# [Task to complete]
A verbatim copy of all entries is the expected output.

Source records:

- Opening Delimiter -

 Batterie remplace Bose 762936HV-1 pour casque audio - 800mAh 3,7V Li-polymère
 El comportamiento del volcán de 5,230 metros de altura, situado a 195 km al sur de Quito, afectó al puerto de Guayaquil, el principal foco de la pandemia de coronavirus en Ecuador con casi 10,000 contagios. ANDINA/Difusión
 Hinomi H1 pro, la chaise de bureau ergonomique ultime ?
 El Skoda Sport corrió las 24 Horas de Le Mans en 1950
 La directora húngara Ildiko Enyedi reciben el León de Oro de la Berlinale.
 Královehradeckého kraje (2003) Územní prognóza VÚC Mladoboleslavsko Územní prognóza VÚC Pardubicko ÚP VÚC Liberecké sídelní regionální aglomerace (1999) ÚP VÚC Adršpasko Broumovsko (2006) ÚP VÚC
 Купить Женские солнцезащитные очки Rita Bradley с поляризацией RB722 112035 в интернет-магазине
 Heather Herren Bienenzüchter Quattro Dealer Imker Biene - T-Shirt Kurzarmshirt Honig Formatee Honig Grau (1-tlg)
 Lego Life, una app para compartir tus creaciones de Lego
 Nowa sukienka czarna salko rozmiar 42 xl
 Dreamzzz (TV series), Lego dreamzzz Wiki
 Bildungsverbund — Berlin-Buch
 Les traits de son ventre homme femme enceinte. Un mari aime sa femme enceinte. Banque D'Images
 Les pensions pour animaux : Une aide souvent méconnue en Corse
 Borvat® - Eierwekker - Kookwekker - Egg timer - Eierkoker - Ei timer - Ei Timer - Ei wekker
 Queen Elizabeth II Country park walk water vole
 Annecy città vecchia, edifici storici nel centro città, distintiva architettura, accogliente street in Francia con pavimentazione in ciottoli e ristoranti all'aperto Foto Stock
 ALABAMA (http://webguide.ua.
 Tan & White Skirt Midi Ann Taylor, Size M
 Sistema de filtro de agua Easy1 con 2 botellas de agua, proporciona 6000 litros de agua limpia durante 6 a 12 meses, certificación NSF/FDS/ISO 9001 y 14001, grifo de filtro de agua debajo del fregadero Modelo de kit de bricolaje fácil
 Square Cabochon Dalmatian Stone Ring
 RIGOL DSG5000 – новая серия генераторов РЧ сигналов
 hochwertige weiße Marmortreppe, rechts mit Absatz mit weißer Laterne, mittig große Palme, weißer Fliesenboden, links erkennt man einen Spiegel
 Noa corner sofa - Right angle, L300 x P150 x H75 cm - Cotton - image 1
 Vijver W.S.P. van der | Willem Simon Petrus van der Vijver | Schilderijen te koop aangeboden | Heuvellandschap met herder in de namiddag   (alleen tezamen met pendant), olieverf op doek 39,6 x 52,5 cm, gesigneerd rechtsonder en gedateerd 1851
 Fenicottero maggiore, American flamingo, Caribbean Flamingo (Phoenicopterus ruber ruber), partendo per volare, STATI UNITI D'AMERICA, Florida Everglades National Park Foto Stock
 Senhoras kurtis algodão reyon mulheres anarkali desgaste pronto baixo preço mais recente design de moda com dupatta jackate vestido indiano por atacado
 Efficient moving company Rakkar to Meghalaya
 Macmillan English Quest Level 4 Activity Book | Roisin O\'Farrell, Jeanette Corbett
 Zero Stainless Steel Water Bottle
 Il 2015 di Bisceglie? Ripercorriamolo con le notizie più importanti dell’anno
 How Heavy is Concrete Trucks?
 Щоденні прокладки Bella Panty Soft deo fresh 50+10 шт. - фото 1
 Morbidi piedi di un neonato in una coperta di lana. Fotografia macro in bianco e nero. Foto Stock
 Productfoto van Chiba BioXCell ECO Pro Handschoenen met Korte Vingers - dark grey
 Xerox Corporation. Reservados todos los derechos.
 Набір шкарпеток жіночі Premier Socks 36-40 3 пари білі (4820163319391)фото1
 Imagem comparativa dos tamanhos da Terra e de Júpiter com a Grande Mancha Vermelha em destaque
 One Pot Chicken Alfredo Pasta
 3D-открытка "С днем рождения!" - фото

- Closing Delimiter -

# [Result of the task]
 Batterie remplace Bose 762936HV-1 pour casque audio - 800mAh 3,7V Li-polymère
 El comportamiento del volcán de 5,230 metros de altura, situado a 195 km al sur de Quito, afectó al puerto de Guayaquil, el principal foco de la pandemia de coronavirus en Ecuador con casi 10,000 contagios. ANDINA/Difusión
 Hinomi H1 pro, la chaise de bureau ergonomique ultime ?
 El Skoda Sport corrió las 24 Horas de Le Mans en 1950
 La directora húngara Ildiko Enyedi reciben el León de Oro de la Berlinale.
 Královehradeckého kraje (2003) Územní prognóza VÚC Mladoboleslavsko Územní prognóza VÚC Pardubicko ÚP VÚC Liberecké sídelní regionální aglomerace (1999) ÚP VÚC Adršpasko Broumovsko (2006) ÚP VÚC
 Купить Женские солнцезащитные очки Rita Bradley с поляризацией RB722 112035 в интернет-магазине
 Heather Herren Bienenzüchter Quattro Dealer Imker Biene - T-Shirt Kurzarmshirt Honig Formatee Honig Grau (1-tlg)
 Lego Life, una app para compartir tus creaciones de Lego
 Nowa sukienka czarna salko rozmiar 42 xl
 Dreamzzz (TV series), Lego dreamzzz Wiki
 Bildungsverbund — Berlin-Buch
 Les traits de son ventre homme femme enceinte. Un mari aime sa femme enceinte. Banque D'Images
 Les pensions pour animaux : Une aide souvent méconnue en Corse
 Borvat® - Eierwekker - Kookwekker - Egg timer - Eierkoker - Ei timer - Ei Timer - Ei wekker
 Queen Elizabeth II Country park walk water vole
 Annecy città vecchia, edifici storici nel centro città, distintiva architettura, accogliente street in Francia con pavimentazione in ciottoli e ristoranti all'aperto Foto Stock
 ALABAMA (http://webguide.ua.
 Tan & White Skirt Midi Ann Taylor, Size M
 Sistema de filtro de agua Easy1 con 2 botellas de agua, proporciona 6000 litros de agua limpia durante 6 a 12 meses, certificación NSF/FDS/ISO 9001 y 14001, grifo de filtro de agua debajo del fregadero Modelo de kit de bricolaje fácil
 Square Cabochon Dalmatian Stone Ring
 RIGOL DSG5000 – новая серия генераторов РЧ сигналов
 hochwertige weiße Marmortreppe, rechts mit Absatz mit weißer Laterne, mittig große Palme, weißer Fliesenboden, links erkennt man einen Spiegel
 Noa corner sofa - Right angle, L300 x P150 x H75 cm - Cotton - image 1
 Vijver W.S.P. van der | Willem Simon Petrus van der Vijver | Schilderijen te koop aangeboden | Heuvellandschap met herder in de namiddag   (alleen tezamen met pendant), olieverf op doek 39,6 x 52,5 cm, gesigneerd rechtsonder en gedateerd 1851
 Fenicottero maggiore, American flamingo, Caribbean Flamingo (Phoenicopterus ruber ruber), partendo per volare, STATI UNITI D'AMERICA, Florida Everglades National Park Foto Stock
 Senhoras kurtis algodão reyon mulheres anarkali desgaste pronto baixo preço mais recente design de moda com dupatta jackate vestido indiano por atacado
 Efficient moving company Rakkar to Meghalaya
 Macmillan English Quest Level 4 Activity Book | Roisin O\'Farrell, Jeanette Corbett
 Zero Stainless Steel Water Bottle
 Il 2015 di Bisceglie? Ripercorriamolo con le notizie più importanti dell’anno
 How Heavy is Concrete Trucks?
 Щоденні прокладки Bella Panty Soft deo fresh 50+10 шт. - фото 1
 Morbidi piedi di un neonato in una coperta di lana. Fotografia macro in bianco e nero. Foto Stock
 Productfoto van Chiba BioXCell ECO Pro Handschoenen met Korte Vingers - dark grey
 Xerox Corporation. Reservados todos los derechos.
 Набір шкарпеток жіночі Premier Socks 36-40 3 пари білі (4820163319391)фото1
 Imagem comparativa dos tamanhos da Terra e de Júpiter com a Grande Mancha Vermelha em destaque
 One Pot Chicken Alfredo Pasta
 3D-открытка "С днем рождения!" - фото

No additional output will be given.